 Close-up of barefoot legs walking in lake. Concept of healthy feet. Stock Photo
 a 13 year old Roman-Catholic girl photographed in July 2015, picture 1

+---+

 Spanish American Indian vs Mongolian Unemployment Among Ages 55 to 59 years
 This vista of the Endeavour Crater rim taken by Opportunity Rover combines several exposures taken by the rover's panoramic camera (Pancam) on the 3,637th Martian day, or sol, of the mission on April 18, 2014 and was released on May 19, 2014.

+---+

Return word for word the lines above from the line with "Close-up of barefoot" to the line with "a 13 year old", including both and leaving out all others.

 Close-up of barefoot legs walking in lake. Concept of healthy feet. Stock Photo
 a 13 year old Roman-Catholic girl photographed in July 2015, picture 1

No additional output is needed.